Plenary Panel: Reflecting on 50 Years of Computing Research, and Future Outlook
The conferences at FCRC represent areas that have laid the foundation for computing. As part of its 50th anniversary celebration, the Computing Research Association (CRA) is organizing this panel to reflect on the contributions of the field by the communities represented by these conferences. The panelists will discuss global computing research and its impact, digging into the evolution of programming languages, computer architecture, parallel and distributed computing, theory, and AI. We will consider how technological advances and external forces -- such as industry and government organizations — shaped this evolution. Given a present where computing is transforming every industry and every facet of daily life, it is a good time to recall the critical steps that brought the field to this point. The panelists will share perspectives on the future by considering what has been learned from computing’s past.
The Panelists:
Hagit Attiya, Technion
Hagit Attiya is a professor at the department of Computer Science at the Technion, Israel Institute of Technology, and holds the Harry W. Labov and Charlotte Ullman Labov Academic Chair. She is the editor-in-chief of Springer's journal Distributed Computing. She won the Dijkstra award in Distributed Computing 2011 and is a fellow of the ACM.
Jack Dongarra, University of Tennessee at Knoxville
2021 Turing Award Winner
Jack Dongarra specializes in numerical algorithms in linear algebra, parallel computing, the use of advanced computer architectures, programming methodology, and tools for parallel computers. He holds appointments at the University of Manchester, Oak Ridge National Laboratory, and the University of Tennessee, where he founded the Innovative Computing Laboratory. In 2019 he received the ACM/SIAM Computational Science and Engineering Prize. In 2020 he received the IEEE-CS Computer Pioneer Award. He is a Fellow of the AAAS, ACM, IEEE, and SIAM; a foreign member of the British Royal Society and a member of the US National Academy of Engineering. Most recently, he received the 2021 ACM A.M. Turing Award for his pioneering contributions to numerical algorithms and software that have driven decades of extraordinary progress in computing performance and applications.
Mary Hall
Director of Kahlert School of Computing at University of Utah
Mary Hall is a Professor and Director of the School of Computing at University of Utah. She received a PhD in Computer Science from Rice University. Her research focus brings together compiler optimizations targeting current and future high-performance architectures on real-world applications. Hall’s prior work has developed compiler techniques for exploiting parallelism and locality on a diversity of architectures: automatic parallelization for SMPs, superword-level parallelism for multimedia extensions, processing-in-memory architectures, FPGAs and more recently many-core CPUs and GPUs. Professor Hall is an IEEE Fellow, an ACM Distinguished Scientist and a member of the Computing Research Association Board of Directors. She actively participates in mentoring and outreach programs to encourage the participation of women and other groups underrepresented in computer science.
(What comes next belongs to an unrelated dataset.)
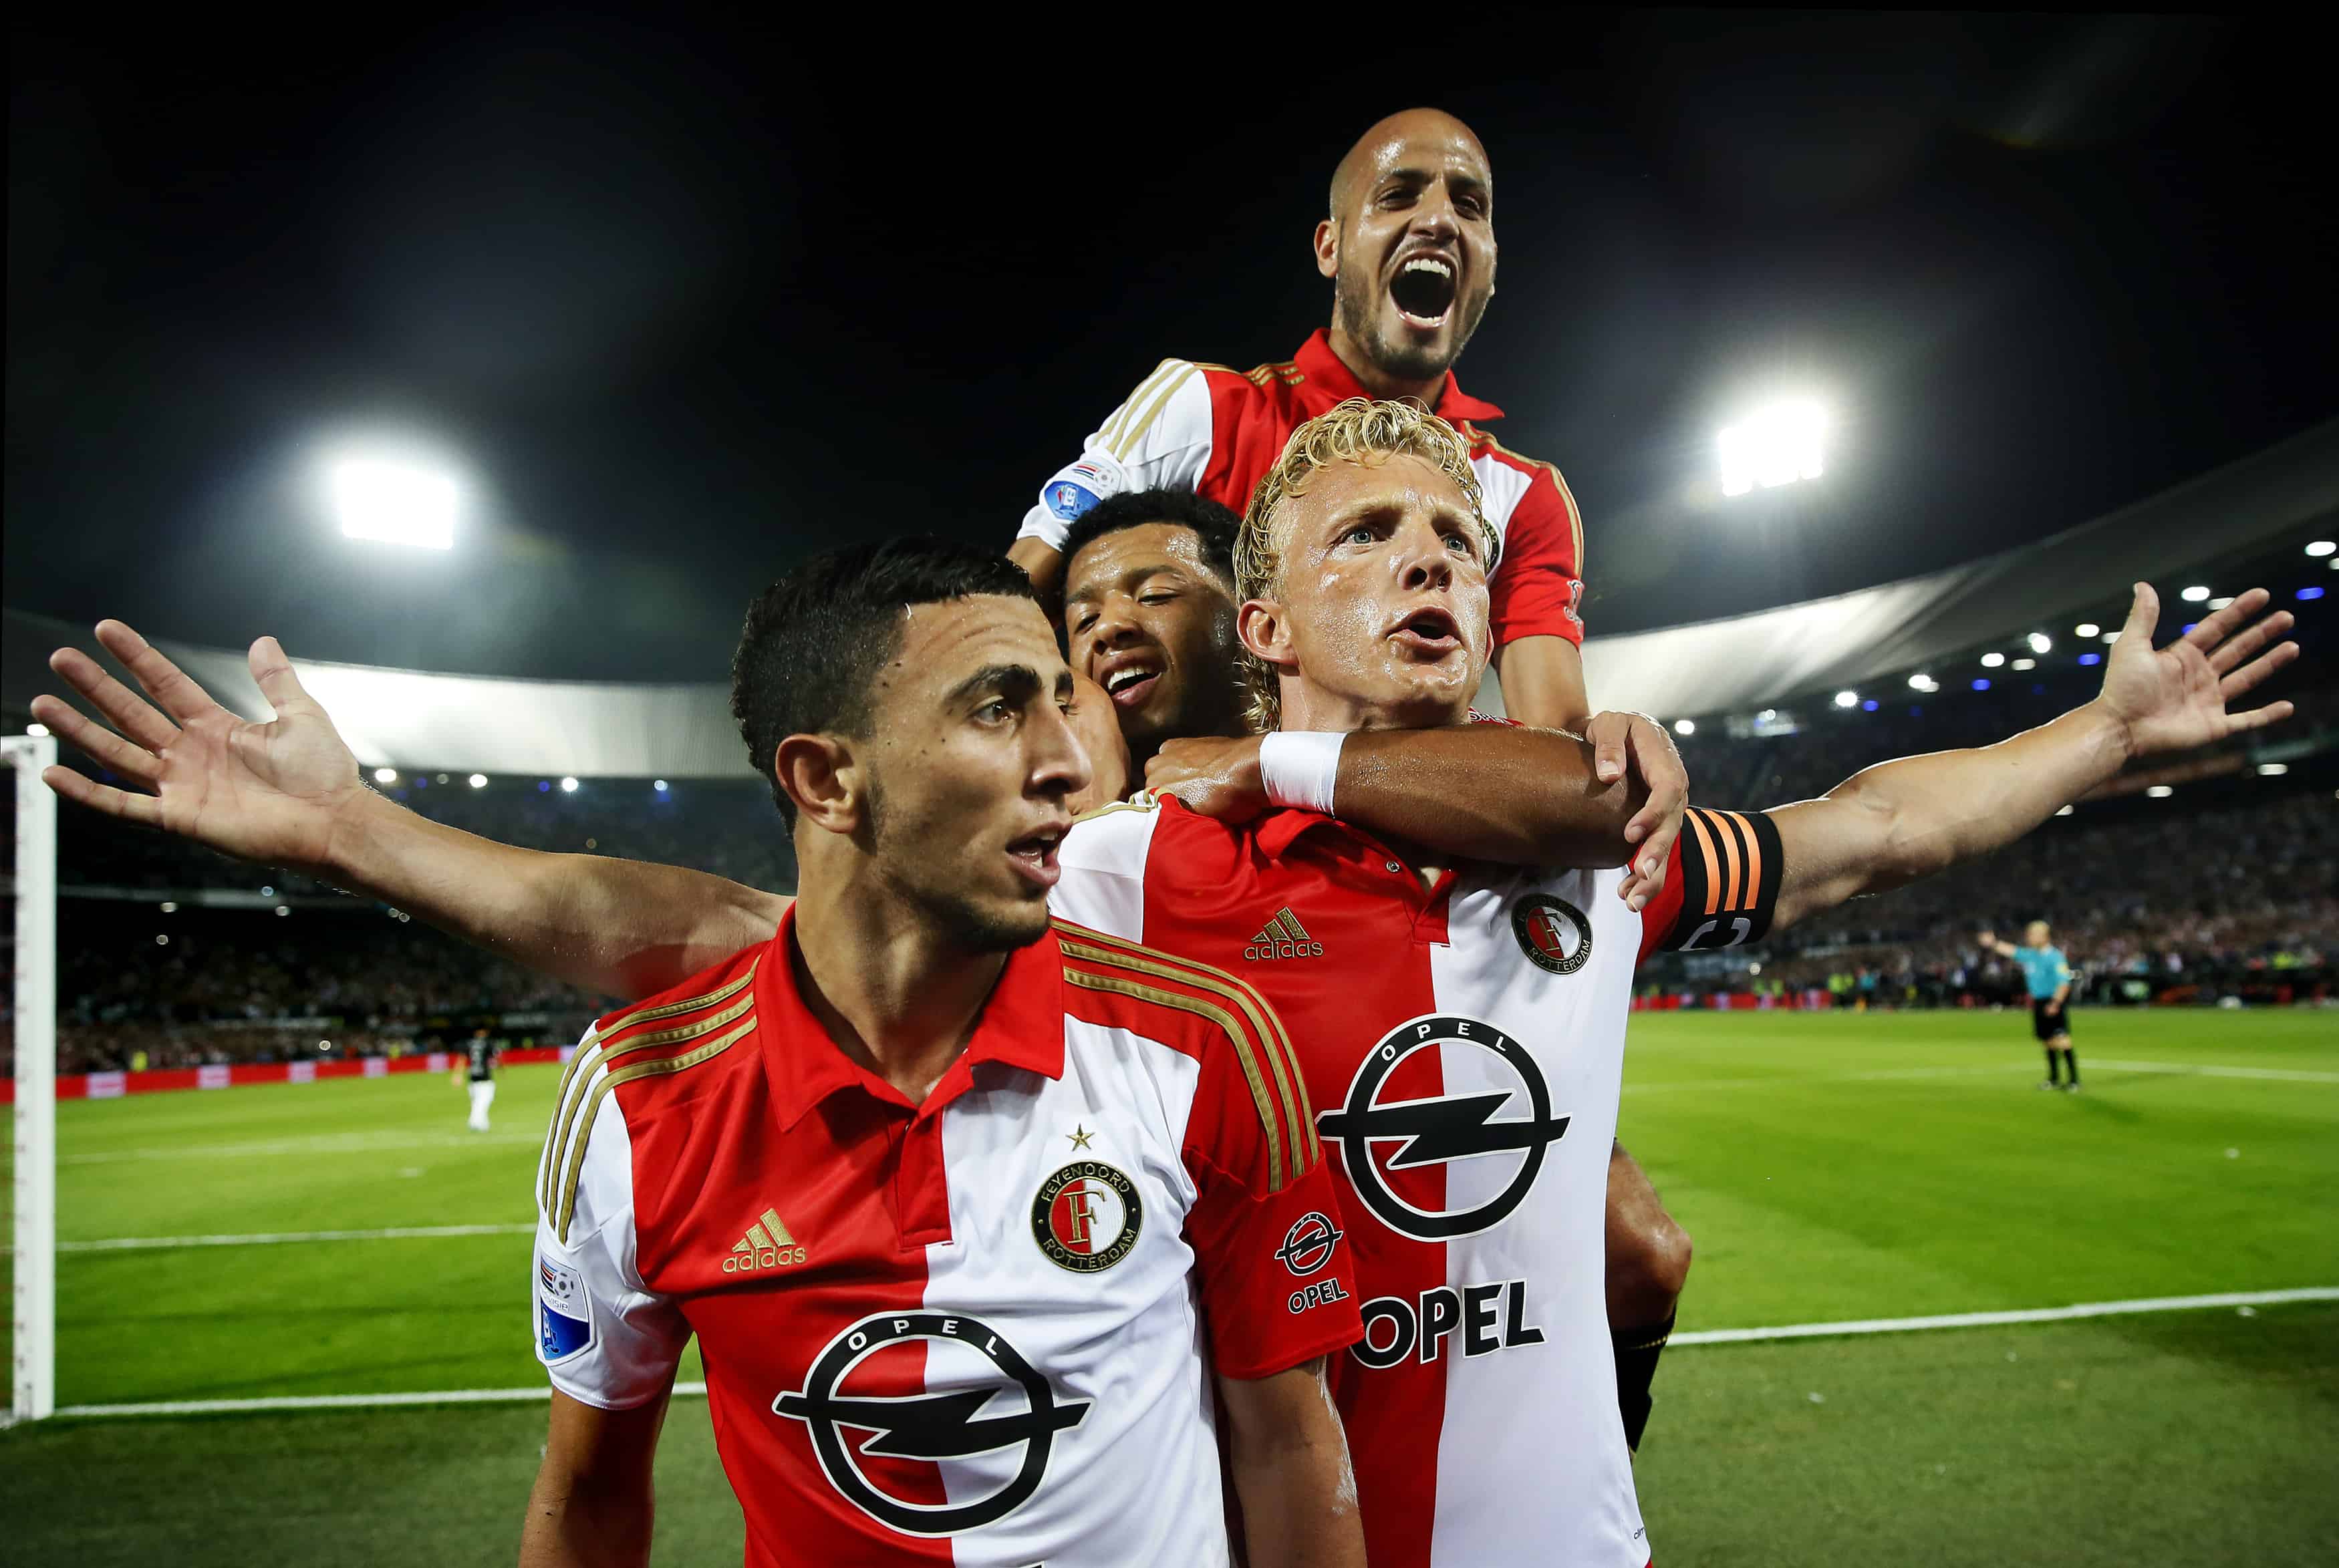 (L-R) Bilal Basacikoglu, Tonny Vilhena, Dirk Kuyt, Karim el Ahmadi of Feyenoord
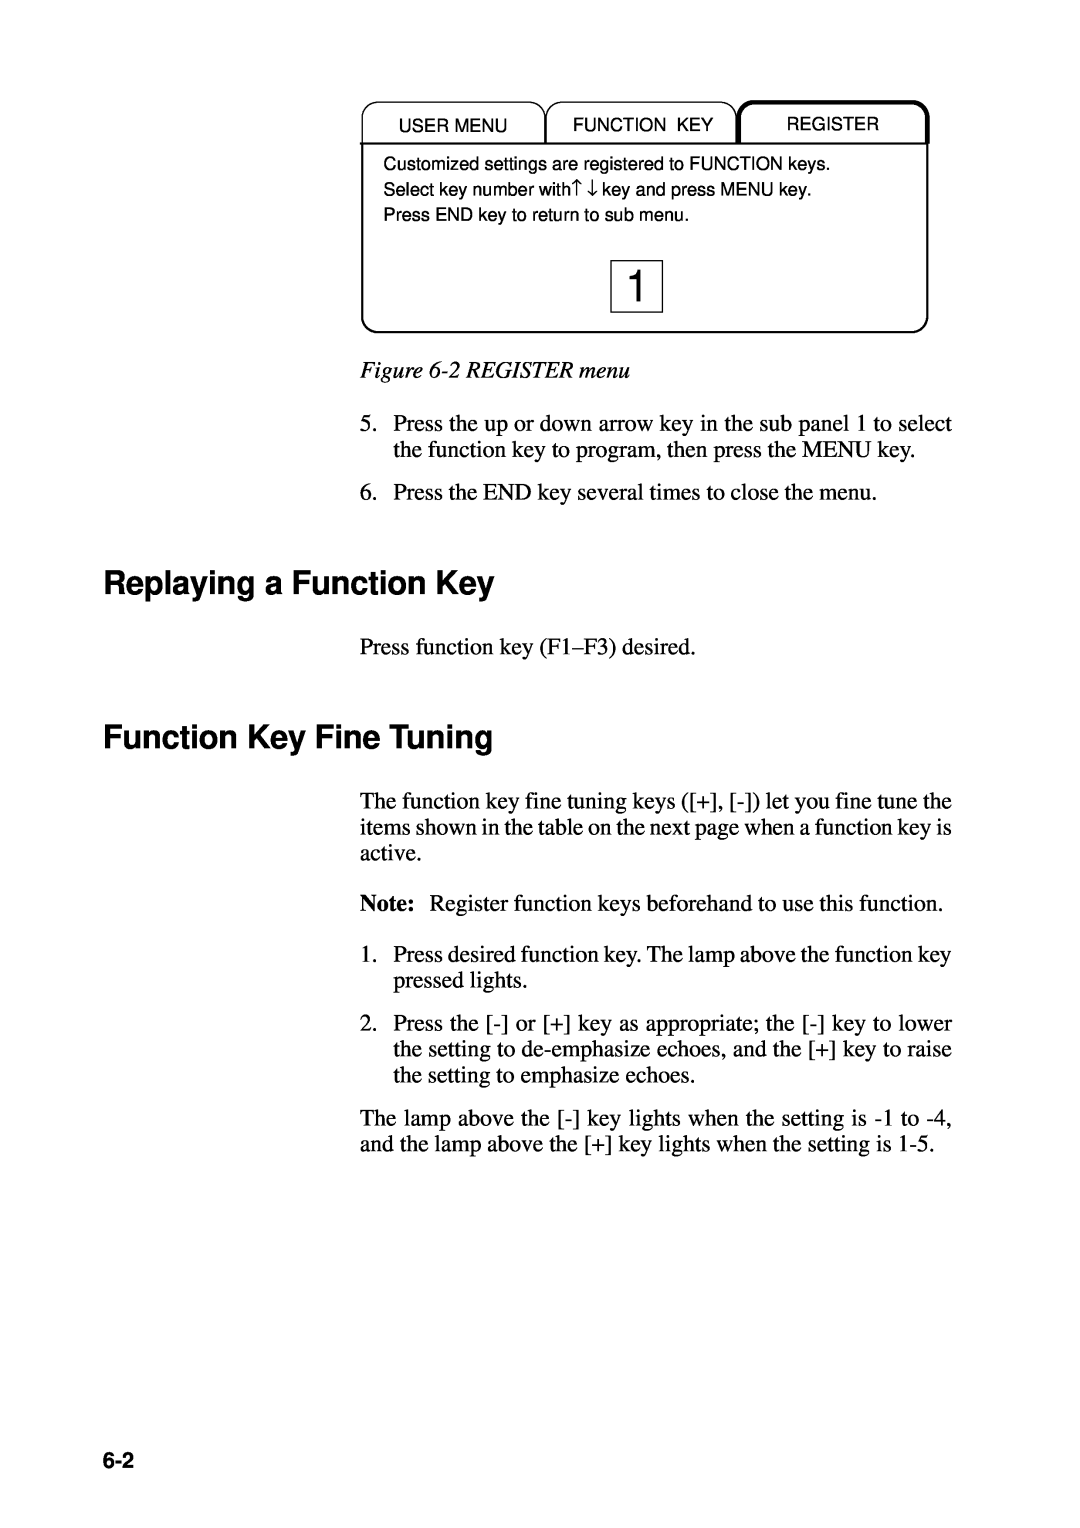 Furuno CSH-53 manual Replaying a Function Key, Function Key Fine Tuning, 2 REGISTER menu

Lizy Kurian John, The University of Texas at Austin
Dr. Lizy Kurian John holds the Truchard Foundation Chair in Engineering in the Department of Electrical & Computer Engineering at the University of Texas at Austin. Her research is in the areas of computer architecture, multicore processors, memory systems, performance evaluation and benchmarking, workload characterization, and fpgas. Prof. John's research has been supported by the National Science Foundation, Semiconductor Research Consortium (SRC), DARPA, META, Lockheed Martin, AMD, ARM, Oracle, Huawei, IBM, INTEL, Motorola, Freescale, Dell, Samsung, Texas Instruments, etc. She is recipient of NSF CAREER award, UT Austin Engineering Foundation Faculty Award, Halliburton, Brown and Root Engineering Foundation Young Faculty Award, University of Texas Alumni Association Teaching Award, The Pennsylvania State University Outstanding Engineering Alumnus Award, etc. Lizy john holds 15 U. S. Patents and has published four books, 16 book chapters, 300+ refereed journal and conference publications, and more than 50 workshop papers. Prof. John is the Editor-in-Chief of IEEE Micro, and has served in the editorial boards of many IEEE and ACM journals. She is an IEEE Fellow, ACM Fellow, and Fellow of the National Academy of Inventors.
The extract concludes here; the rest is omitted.